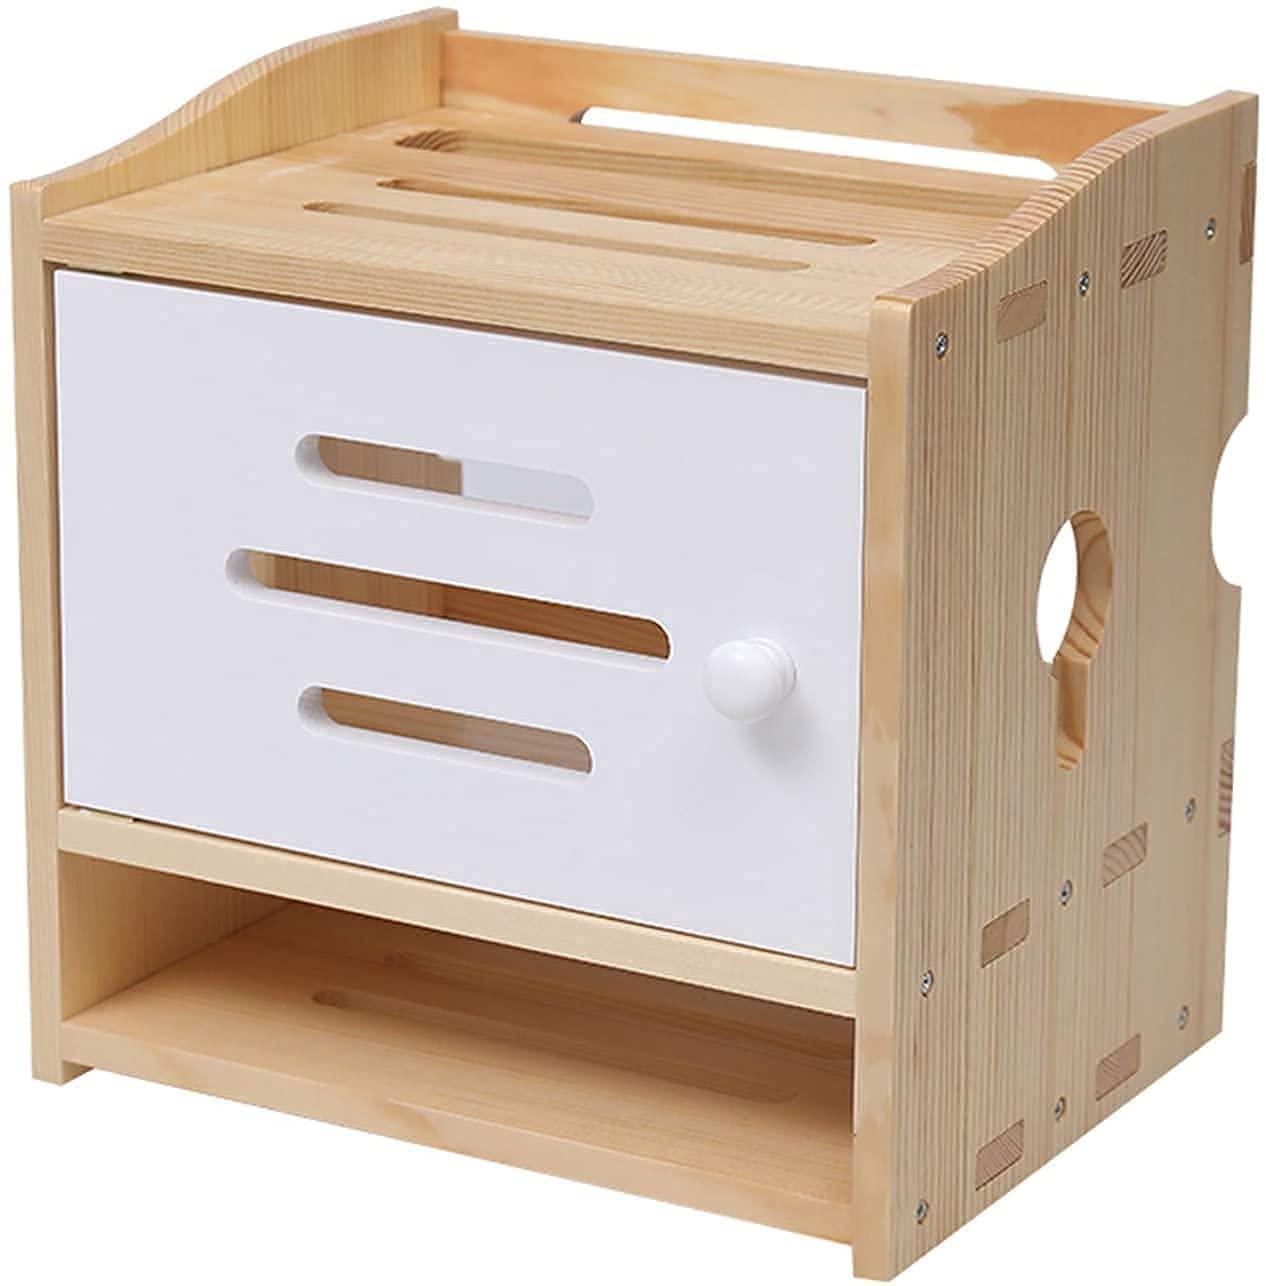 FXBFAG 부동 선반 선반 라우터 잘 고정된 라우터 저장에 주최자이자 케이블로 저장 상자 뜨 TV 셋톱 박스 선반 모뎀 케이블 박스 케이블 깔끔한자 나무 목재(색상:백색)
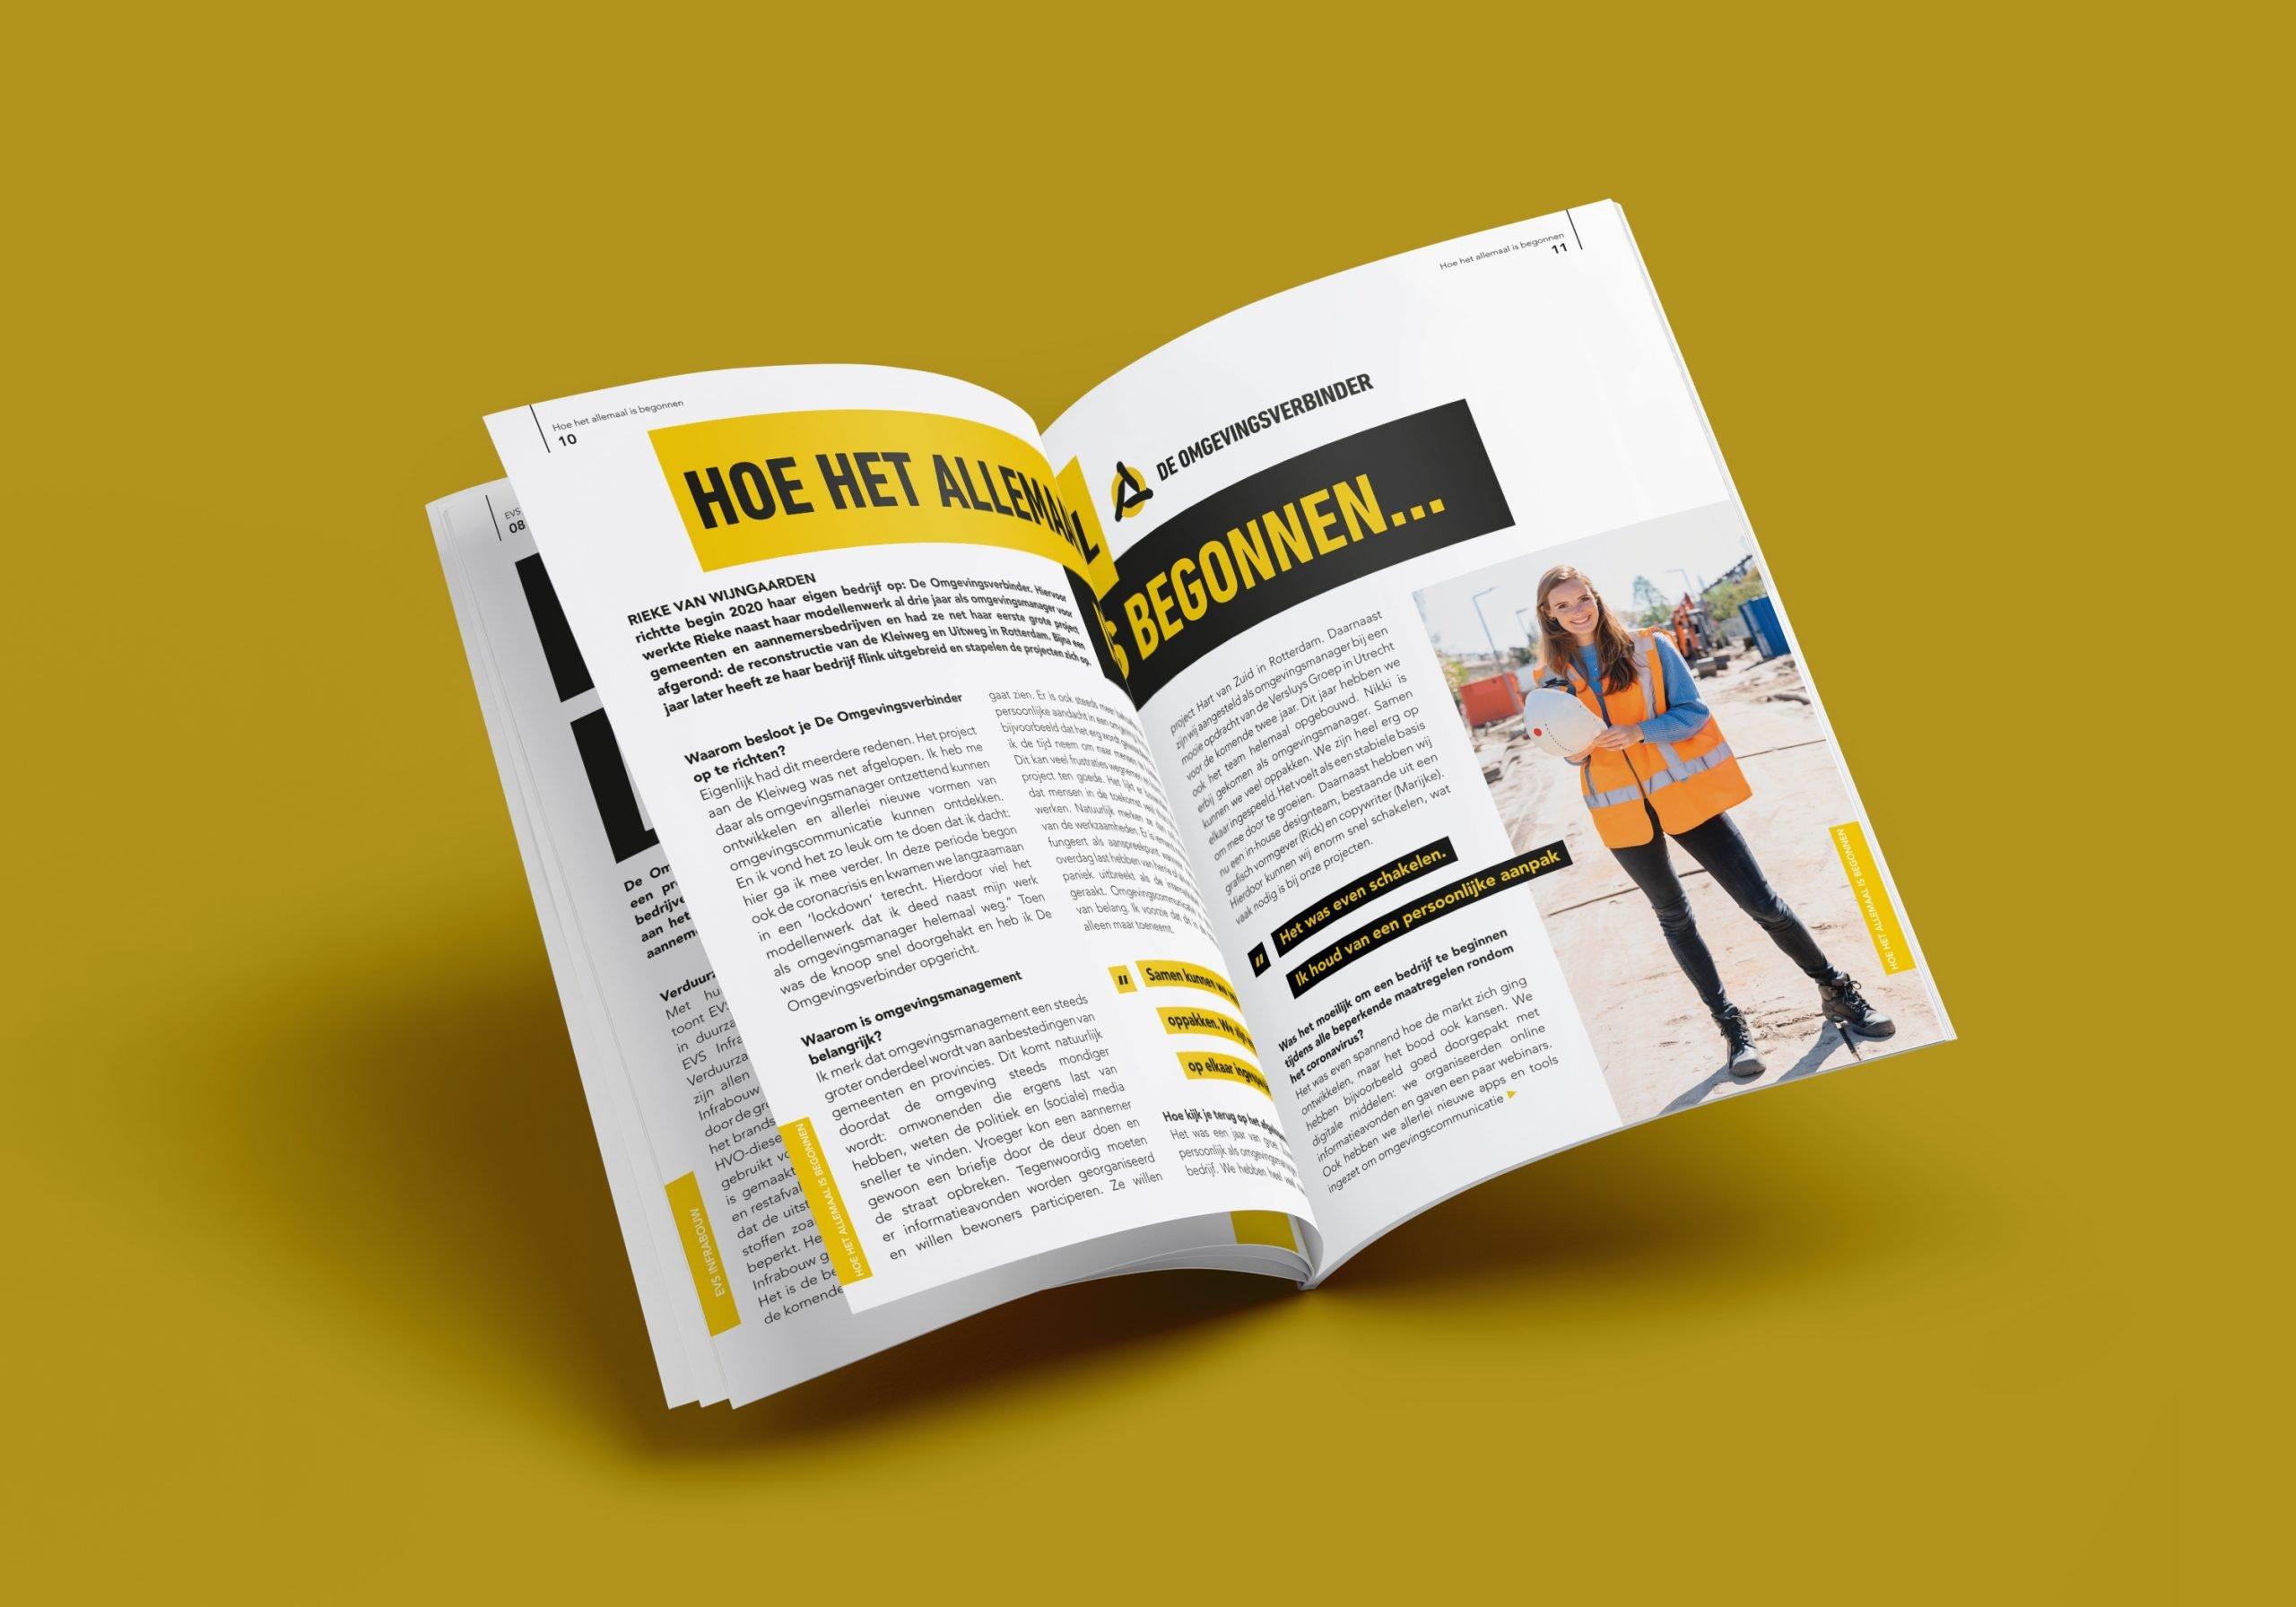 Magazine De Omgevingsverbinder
---
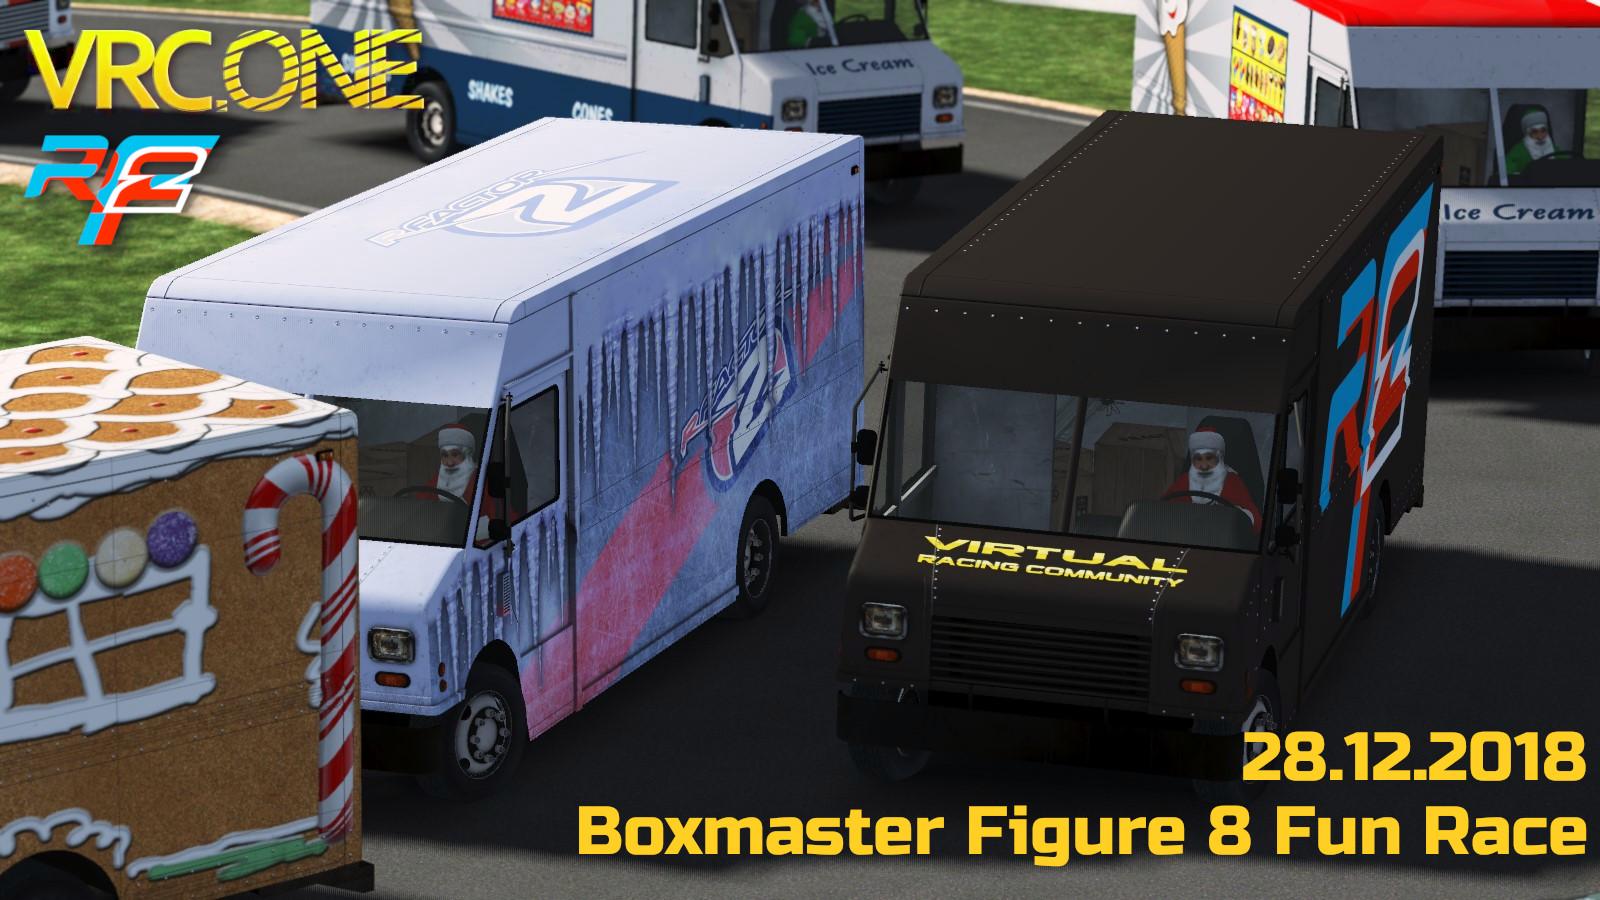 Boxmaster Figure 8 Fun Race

**Prompt**
Write out exactly the lines above between the one with "FXBFAG 부동 선반" and the one with "Magazine De Omgevingsverbinder", inclusive, with pictures left out.

**Task response**
 FXBFAG 부동 선반 선반 라우터 잘 고정된 라우터 저장에 주최자이자 케이블로 저장 상자 뜨 TV 셋톱 박스 선반 모뎀 케이블 박스 케이블 깔끔한자 나무 목재(색상:백색)
 Magazine De Omgevingsverbinder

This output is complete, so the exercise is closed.